- Task requirements: The needed output is the run of lines below from the one containing "Gruppenfoto: Priester in Kirche" through the one containing "Japanese Beautiful Sex Dolls images", copied exactly and free of pictures.

Start of Records to process

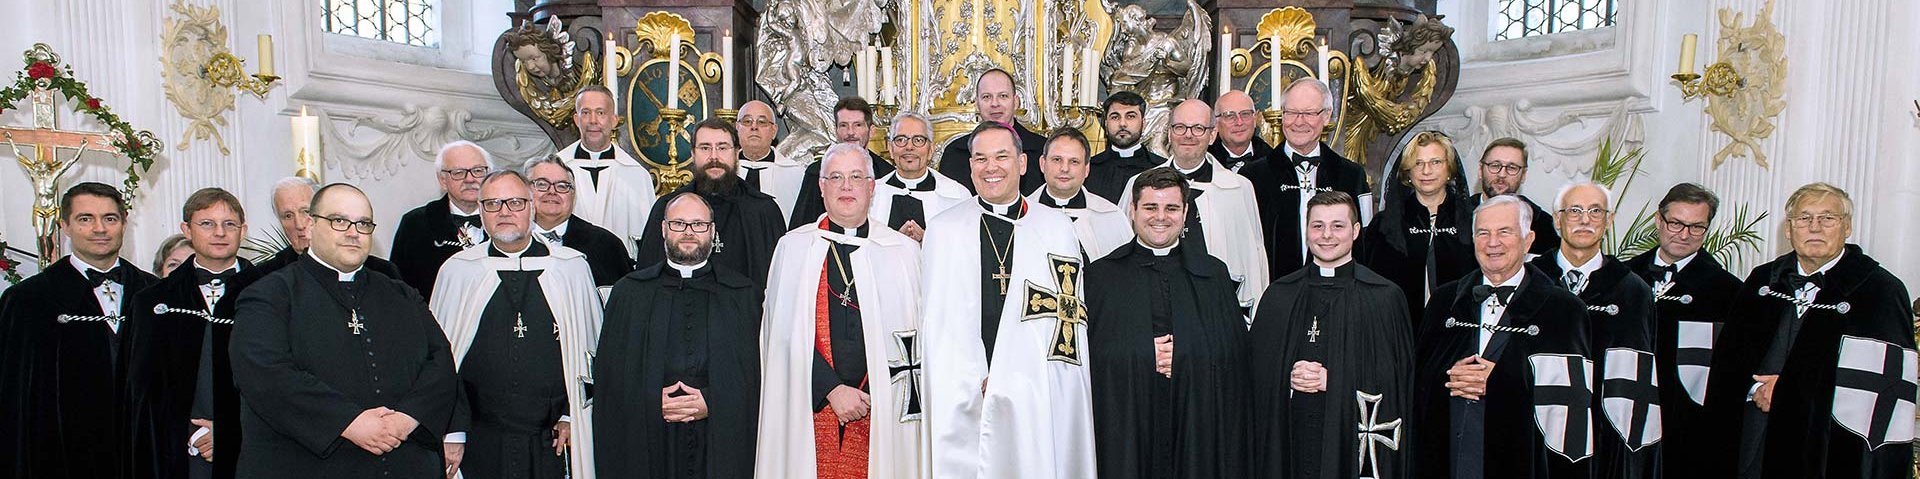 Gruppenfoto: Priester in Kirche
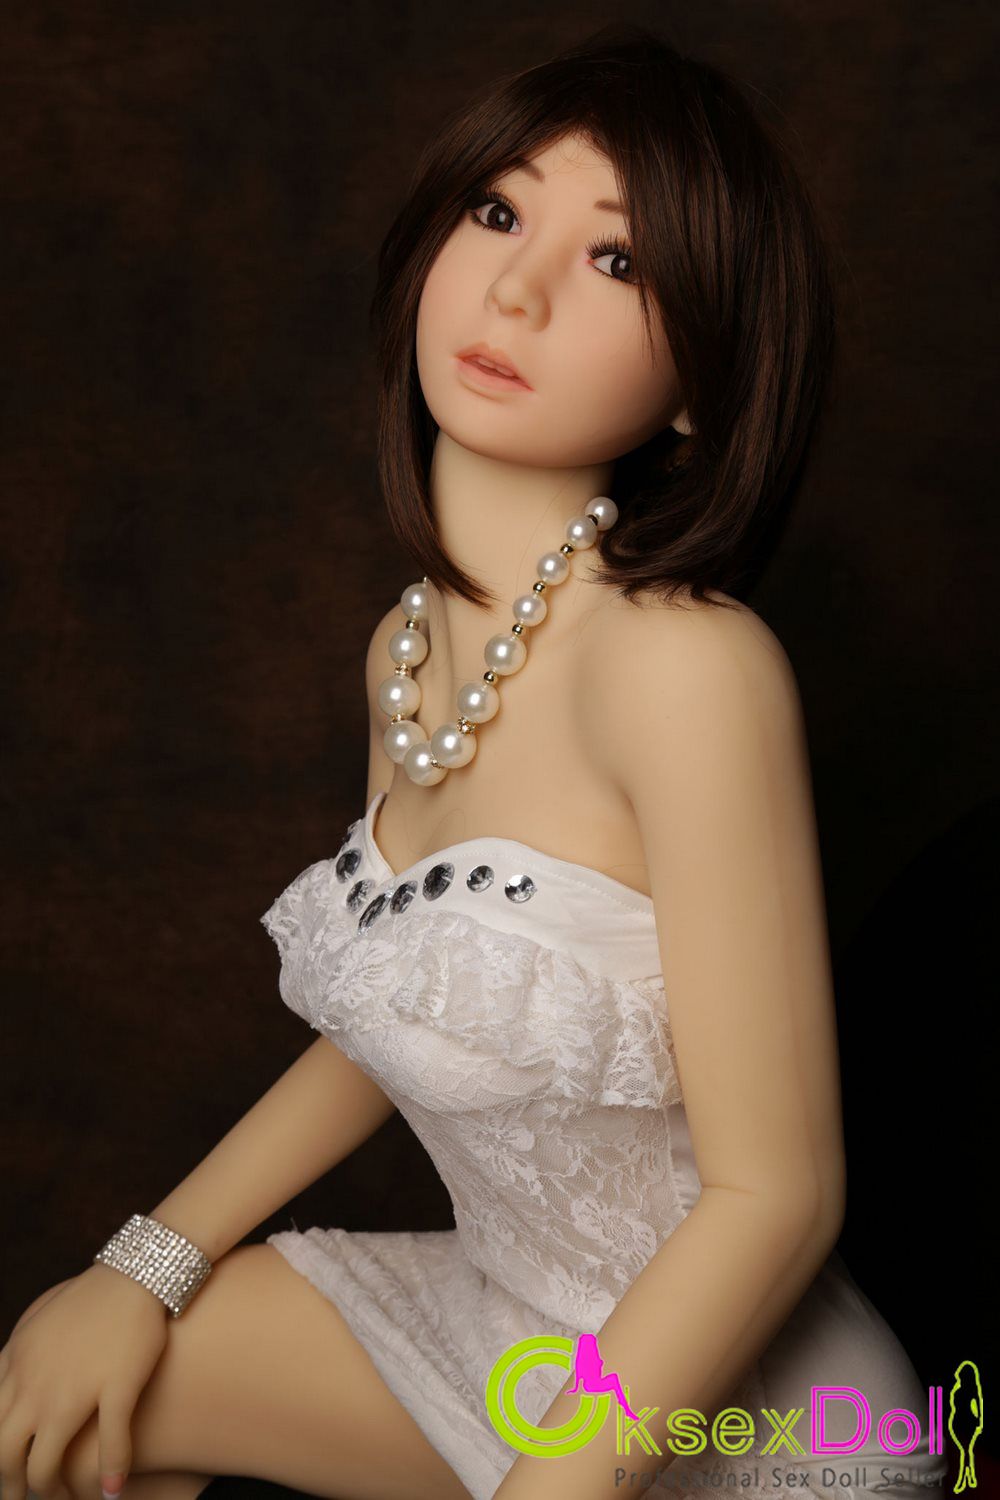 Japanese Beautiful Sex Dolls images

End of Records to process
Start of Records to process

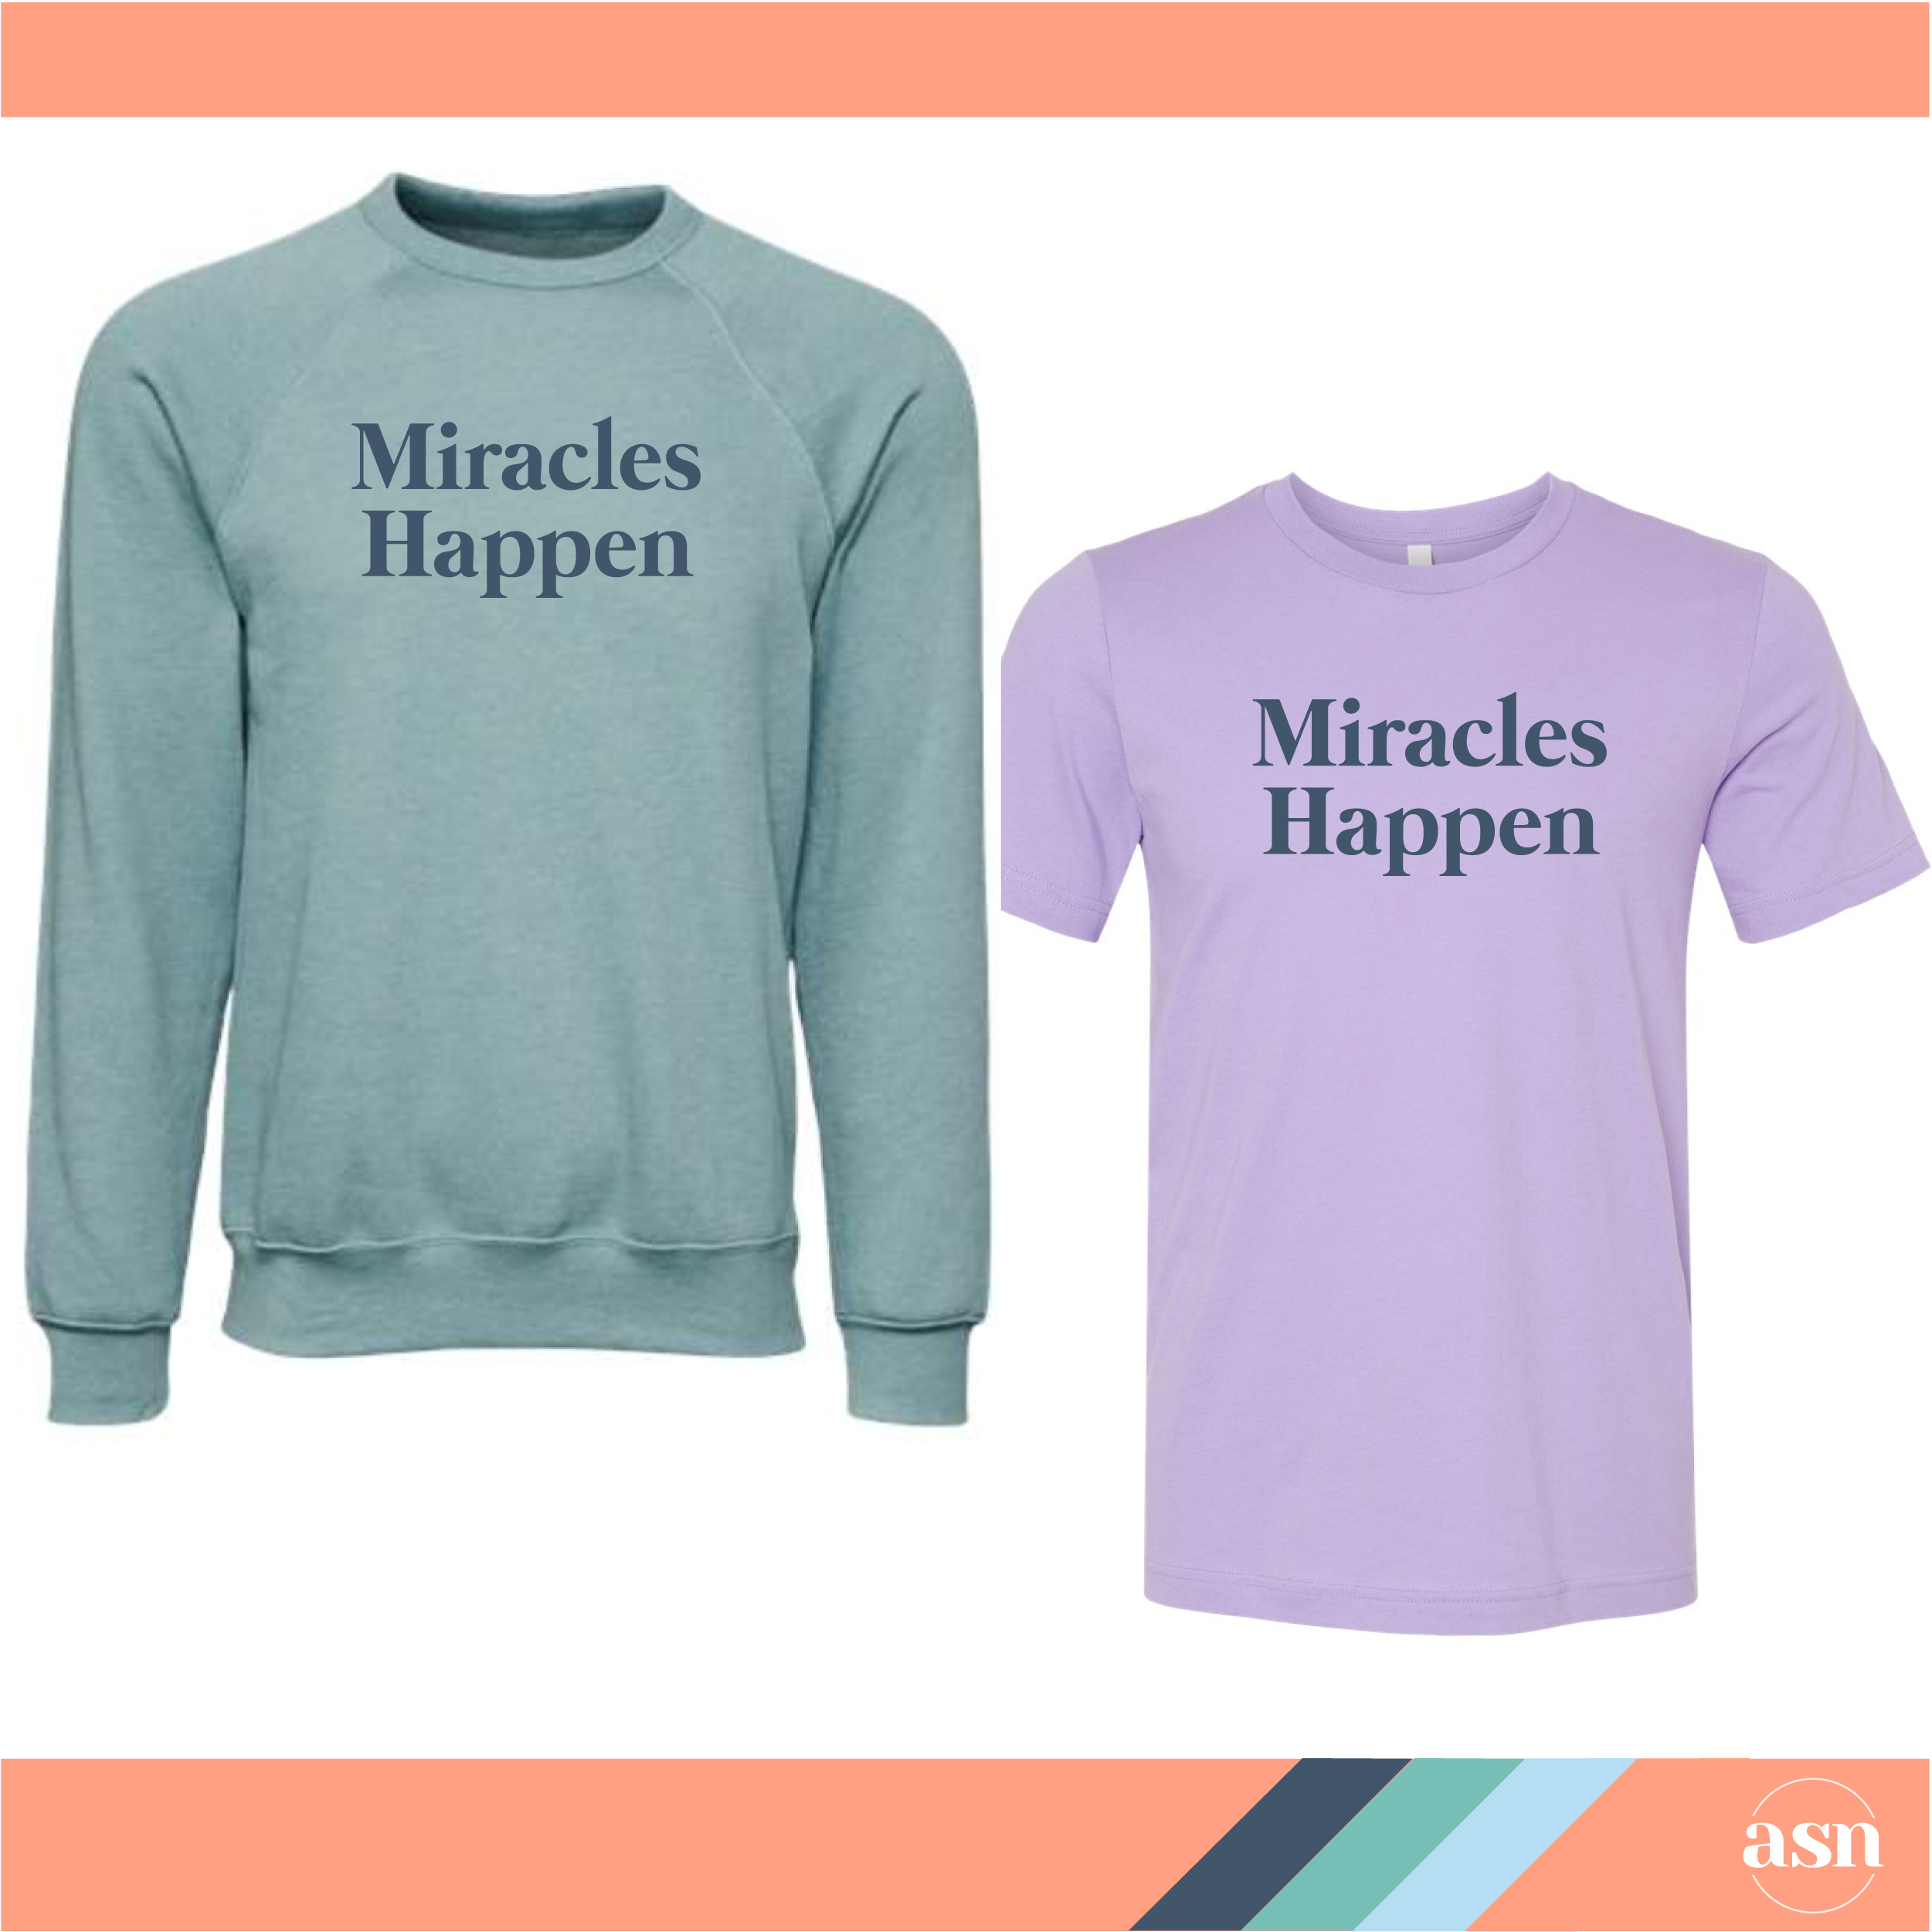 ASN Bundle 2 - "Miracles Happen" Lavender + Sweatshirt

End of Records to process
Start of Records to process

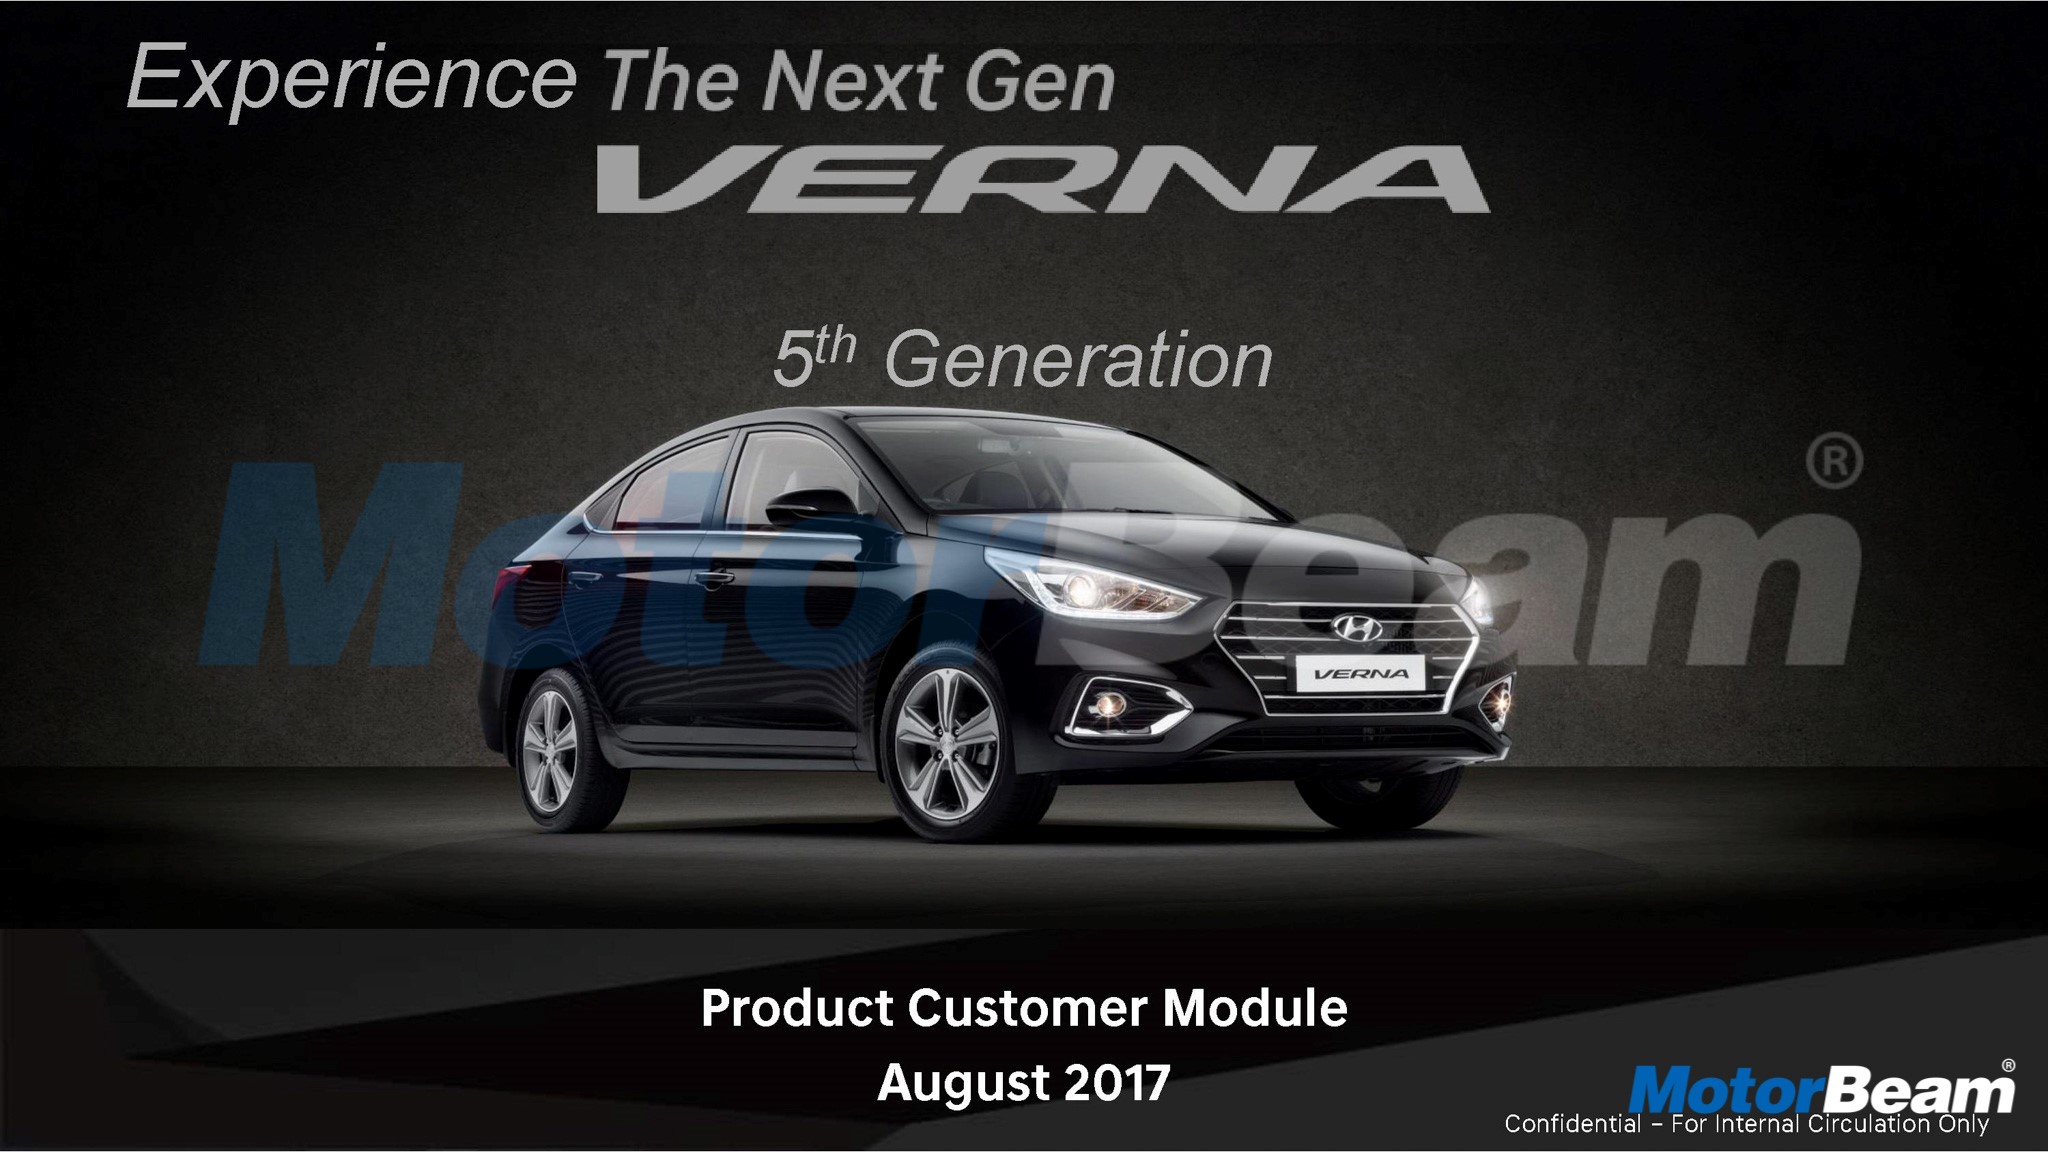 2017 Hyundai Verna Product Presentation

End of Records to process

- Exercise output:
 Gruppenfoto: Priester in Kirche
 Japanese Beautiful Sex Dolls images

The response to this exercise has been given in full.